DAE-Mask: a Novel Deep-Learning-based Automatic Detection Model for In-Field Wheat Diseases
Rui Mao,Yuchen Zhang,Zexi Wang,Xingan Hao,Tao Zhu,Shengchang Gao,Xiaoping Hu
DOI: https://doi.org/10.1007/s11119-023-10093-x
IF: 5.767
2024-01-01
Precision Agriculture
Abstract:Wheat diseases seriously restrict the safety of wheat production and food quality. For farmers and agriculture technicians, diagnosing the disease with the naked eye is not suitable for modern precision agriculture. Deep learning has shown promise in crop disease diagnosis, but accuracy and speed remain a significant challenge in natural field conditions. In this study, a novel DAE-Mask method based on d iversification- a ugmented features and e dge features was proposed for intelligent wheat disease detection.

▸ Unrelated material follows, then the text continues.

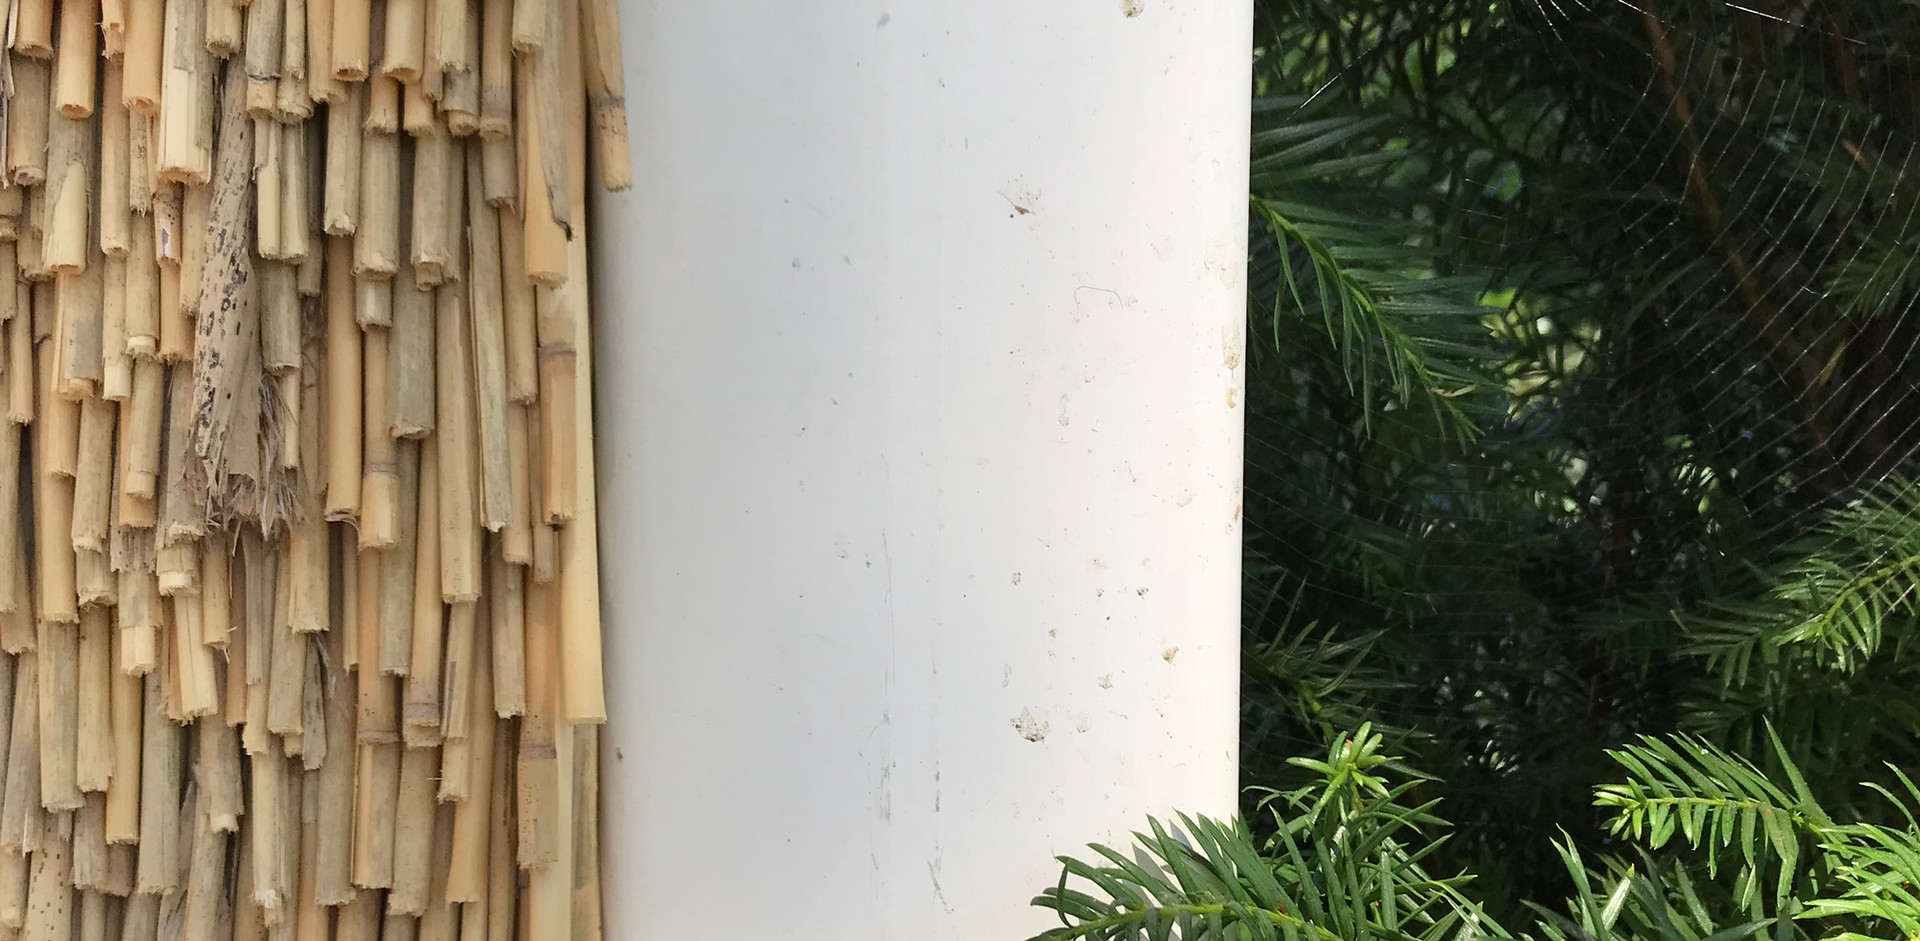 tuinmeubilair, tuinontwerp, van der rhee, outdoordesign

DAE-Mask used Densely Connected Convolutional Networks (DenseNet) for preliminary feature extraction, and a backbone feature extraction network combining Feature Pyramid Network (FPN) and attention mechanism was designed to extract diversification-augmented features. To accelerate DAE-Mask, an Edge Agreement Head module based on Sobel filters was designed to compare edge features during training, which improved the model’s mask generation efficiency. We also built a multi-scene wheat disease dataset, MSWDD2022, containing images of wheat stripe rust, wheat powdery mildew, wheat yellow dwarf, and wheat scab. Our model achieved detection speed of 0.08s/pic. On MSWDD2022, our model with mean average precision ( mAP ) of 96.02% outperformed YOLOv5s, YOLOv8x, SSD, EfficientDet, CenterNet, and RefineDet by 7.79, 1.32, 3.54, 4.79, 9.77, and 5.29 percentage points, respectively. On the public dataset PlantDoc, our model with mAP of 57.68% outperformed YOLOv5s, YOLOv8x, SSD, EfficientDet, CenterNet, and RefineDet by 27.76, 6.48, 14.43, 11.79, 19.40, and 13.40 percentage points, respectively. Finally, the DAE-Mask was deployed on WeChat Mini Program to realize the real-time detection of in-field wheat diseases. The mAP reached 92.78%, and the average return delay of each image was 1.43s.